Je suis depuis peu le propriétaire d'un iBook G4 12" dotté d'un lecteur/graveur de CD et lecteur de DVD.

J'ai quelques difficultés à lire certains CD gravés (de musique ou de données) (gravés par des PC au passage).

Lorsque j'insère le CD en question dans le "mange disque" de l'iBook, il ne le reconnait pas (l'icone n'apparait pas sur le bureau) et le lecteur se met à emettre des petits bruits bizarres et cycliques qui montre bien qu'il est dans les choux. La seul manière de stopper ce qui s'apparente à une séance de torture pour le lecteur, c'est d'éjecter le CD.
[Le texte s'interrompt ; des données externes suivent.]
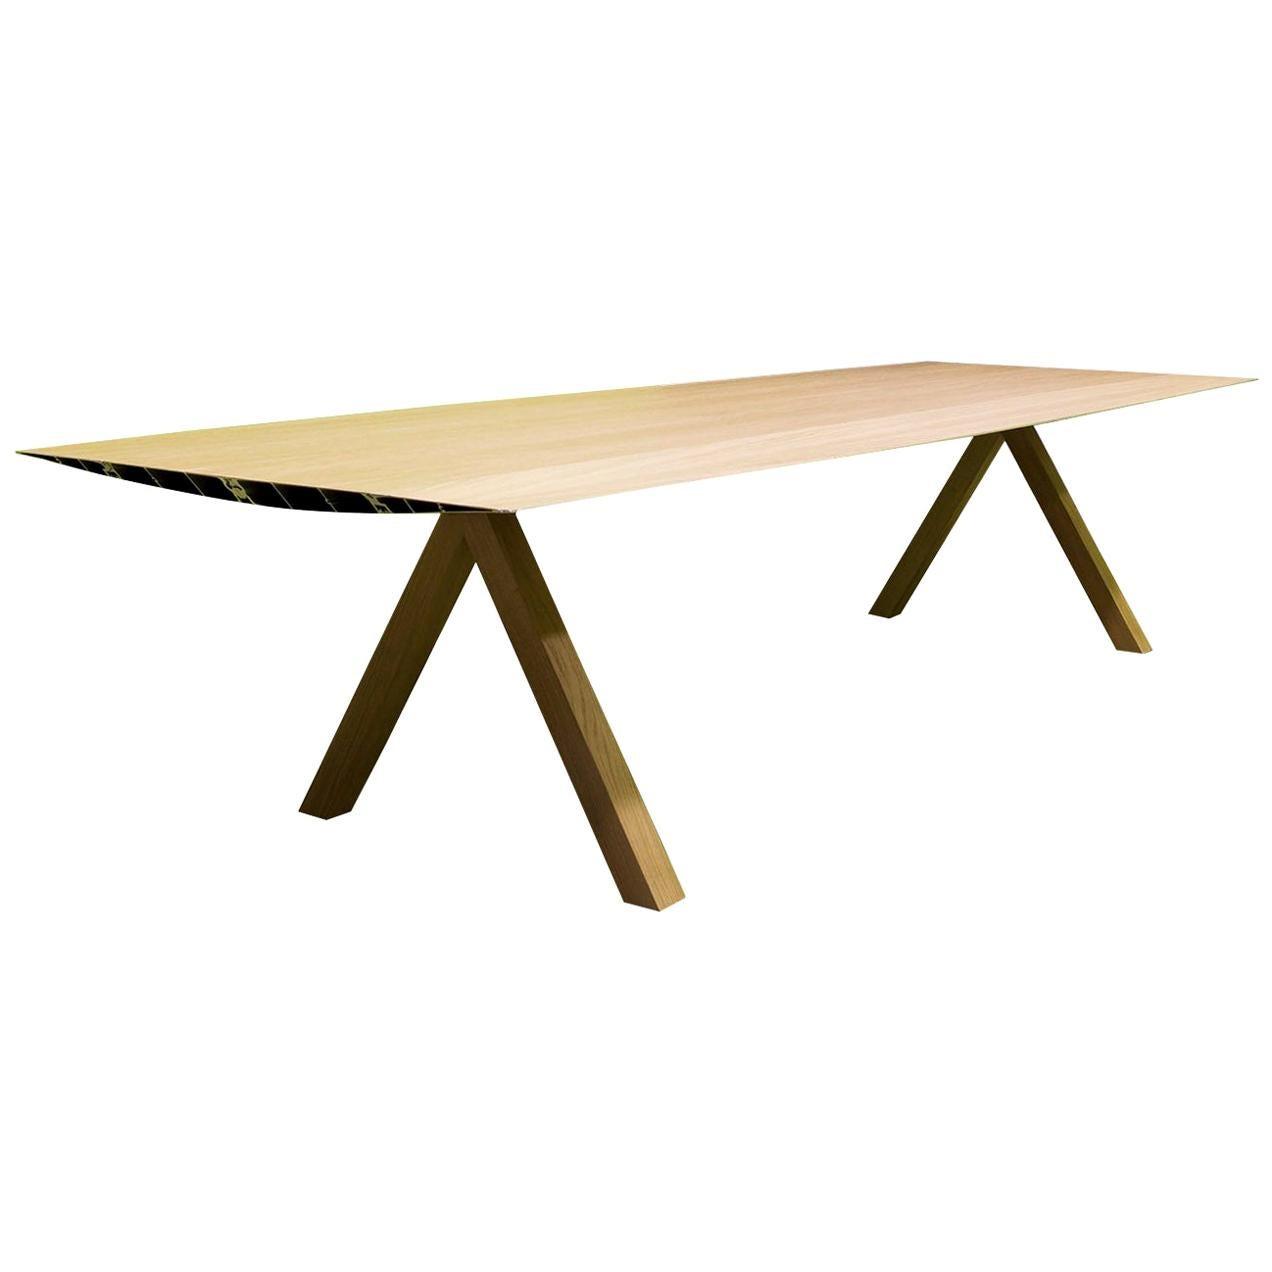 Konstantin Grcic, Contemporary Laminated Aluminium Wood Legs 360 Large B Table

Et justement là, il faut prendre son mal en patience parce que le CD peine à ressortir ! Je me suis même fait une petite frayeur avec un CD qui n'est sorti qu'au bout de cinq (longues) minutes et après avoir rebooté 2 fois le système ! Je me suis aperçu à mes dépens qu'il n'y a pas de dispositif d'éjection manuelle sur les lecteurs CD des iBook !

Qu'en pensez-vous ? Suis-je bon pour le SAV ?


----------



## Mange_Bec (11 Septembre 2005)

à noter que ce phénomère se produit avec environ 1 cd sur 10.


----------



## ptite_souris16 (11 Septembre 2005)

Si tu regardes bien ton ibook, au niveau du lecteur cd, tout à droite, il y a un tout piti trou, tu y glisses un trombone que tu auras déplié ou une aiguille, et le tour est joué...... le cd s'éjecte !.....
@+


----------



## MamaCass (12 Septembre 2005)

Sur les Ibook G4, il n'y a pas de petit trou pour ejecter les cd..... il y en avait sur les Ibook G3 par contre


----------



## Mange_Bec (12 Septembre 2005)

en effet !


----------



## etudiant69 (12 Septembre 2005)

Sinon maintiens le clic au rebootage, et le CD sortira


----------



## MamaCass (12 Septembre 2005)

Oui en effet pas de petit trou sur les ibook G4, ce qui est bien ennyeux..... lorsque que l'on installe Linux, on se rend compte que la touche "eject" F12 est gérée par mac os X, donc avec un autre OS elle ne fonctionne pas !
Mais je n'ai jamais essayé le clic de la souris enfoncée pour ejecter un cd au démarrage sous Linux.
A tester...

MamaCass


----------



## Mange_Bec (12 Septembre 2005)

j'ai bien entendu parlé de cette histoire de clic de souris au démarrage mais très honnêtement, je ne suis pas totalement conveincu par cette méthode.

j'espère ne jamais en arriver là !


----------



## etudiant69 (12 Septembre 2005)

Mange_Bec a dit:
			
		

> j'ai bien entendu parlé de cette histoire de clic de souris au démarrage mais très honnêtement, je ne suis pas totalement conveincu par cette méthode.
> 
> j'espère ne jamais en arriver là !


testé et approuvé,
ça marche


----------